Fortunately, that feeling of loss is usually not long term. Transmasculine patients may only need to be off hormones for one to four months in order to freeze viable eggs, and transfeminine patients may only need to be off hormones for three to six months to bank viable sperm, says Resetkova. “Generally speaking, we’re able to accomplish fertility treatment in a fairly short period of time.”

Still, the price is a huge barrier for lots of people. The five-figure price tags for IVF are some of the most expensive treatment offerings, but egg freezing can also cost up to $10,000. Sperm banking is considerably cheaper, with each deposit costing only a few hundred dollars, but depending on whether a patient deposits sperm at a fertility clinic or through another provider, there could be additional yearly storage costs.

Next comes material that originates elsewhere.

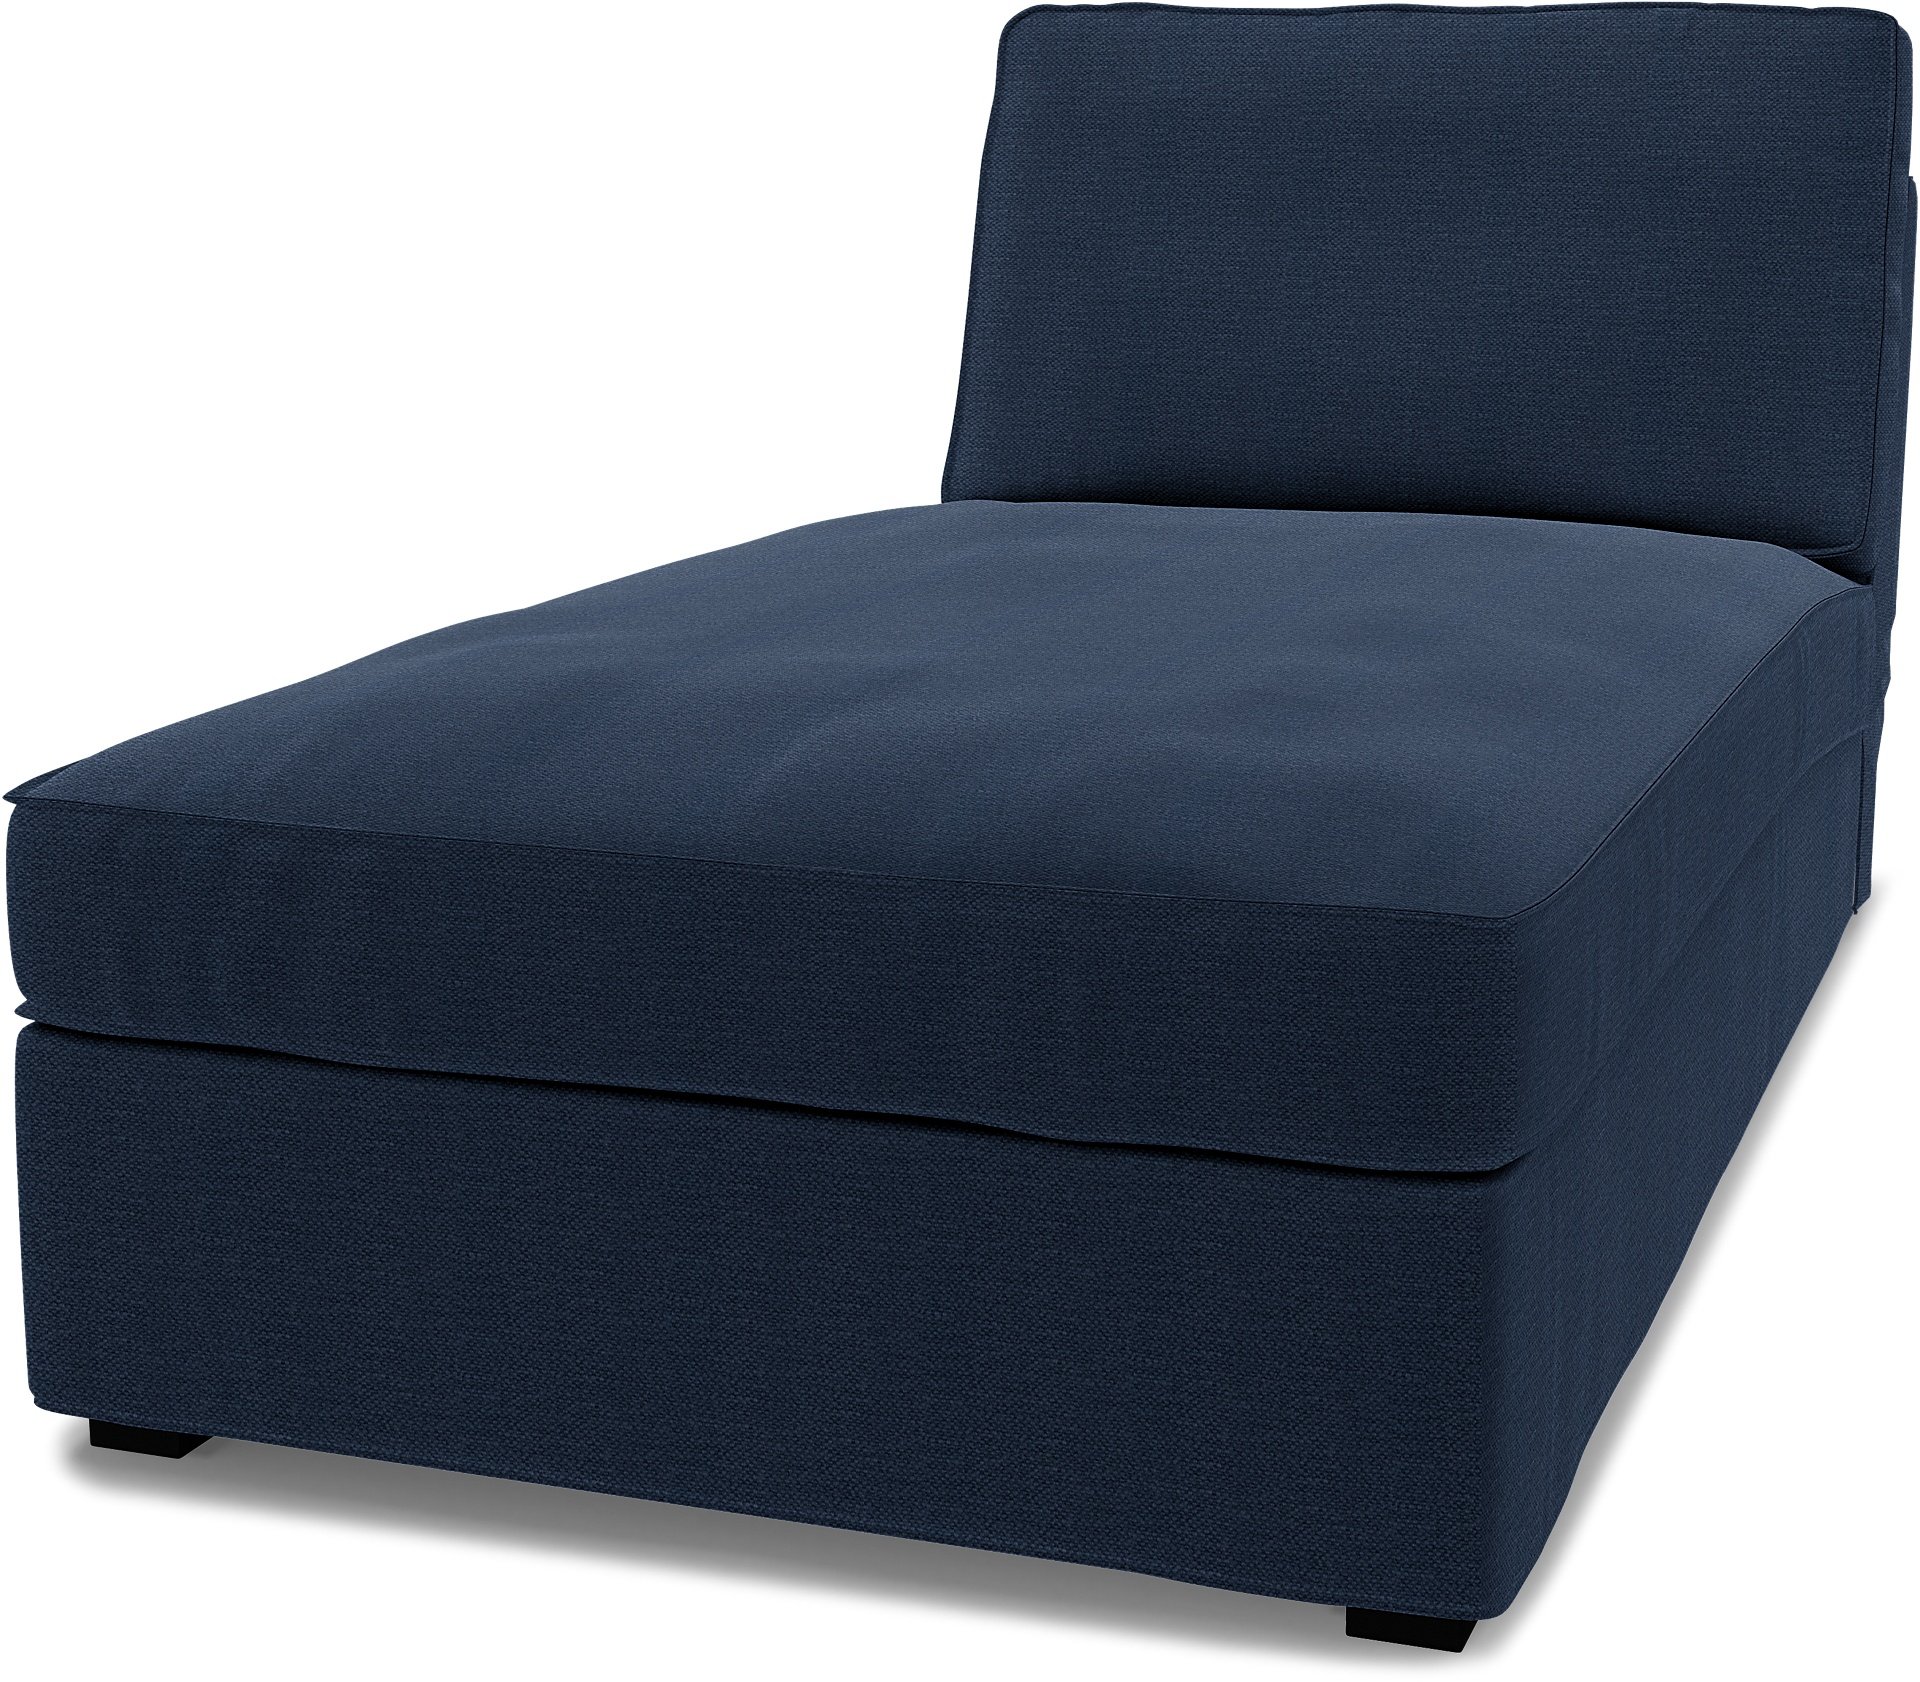 IKEA - Kivik Chaise Longue Cover, Navy Blue, Linen - Bemz

All these considerations can weigh mightily on couples who are on the fence about having biological children while one partner is transitioning.

Lauren and Sam Guilbeaux chronicled a part of their journey to enlarge their family on the Showtime series Couples Therapy where Sam tried, unsuccessfully, to conceive using IUI. The pair have a limited amount of Lauren’s sperm after the attempt, and the experience made them both rethink the process and their wants and needs for a family.

“I wish people would take a second to deconstruct the trans experience and realize all that we have to do.”

“The process of trying to conceive for the first time, via IUI, was incredibly taxing on our relationship,” Lauren and Sam told me in a joint email. “We didn’t conceive and that sent us back to the drawing board with a little more humility and understanding.” Realizing there was only so much sperm to work with was eye-opening for both partners. “The next time we try, we’ll go through IVF. However, at nearly $30K and without help from insurance, it’s not in the cards for us in the near future.”

Lauren says that anyone who’s planning to bank material during transitioning should keep all this in mind while doing research.

“Just because you save doesn’t mean you’ll have an easy shot at having biological kids,” Lauren says.

Lauren began the process of starting HRT in 2014, at a time when trans people were less visible in public spaces and information about fertility in general was less available. So she turned to the internet to find answers. For many trans people looking to cut down on costs, but still preserve material for future kids, online companies have become a lifeline. Services such as “Dadi” and “Xytex” allow trans patients to store material without having to face the anxiety of potentially seeing a non-trans-affirming doctor face-to-face.

Robbi, a trans woman living in Spokane, Washington, says she delayed medically transitioning for multiple years because she wanted to bank sperm in hopes of one day having a biological child. After finding a company that allowed her to store reproductive material by sending samples through the mail, Robbi received devastating news: She was infertile. Despite the outcome of the process, she hopes her story allows others to see the many hurdles trans people face when seeking fertility treatment. 

“[For a lot of people] they are just bewildered there is a cost associated with these things,” Robbi said. “It depends on what state you are in, and even in the best of states your odds aren’t always great. I wish people would take a second to deconstruct the trans experience and realize all that we have to do.”

The fertility industry in the United States is growing rapidly as more parents-to-be tap into an estimated $6 billion industry. There are plenty of websites and podcasts that share all kinds of birth stories and have helped normalize fertility struggles. Part of this normalization needs to include trans people’s experiences, and the stressful foresight and preparation they often grapple with when planning for a biological child.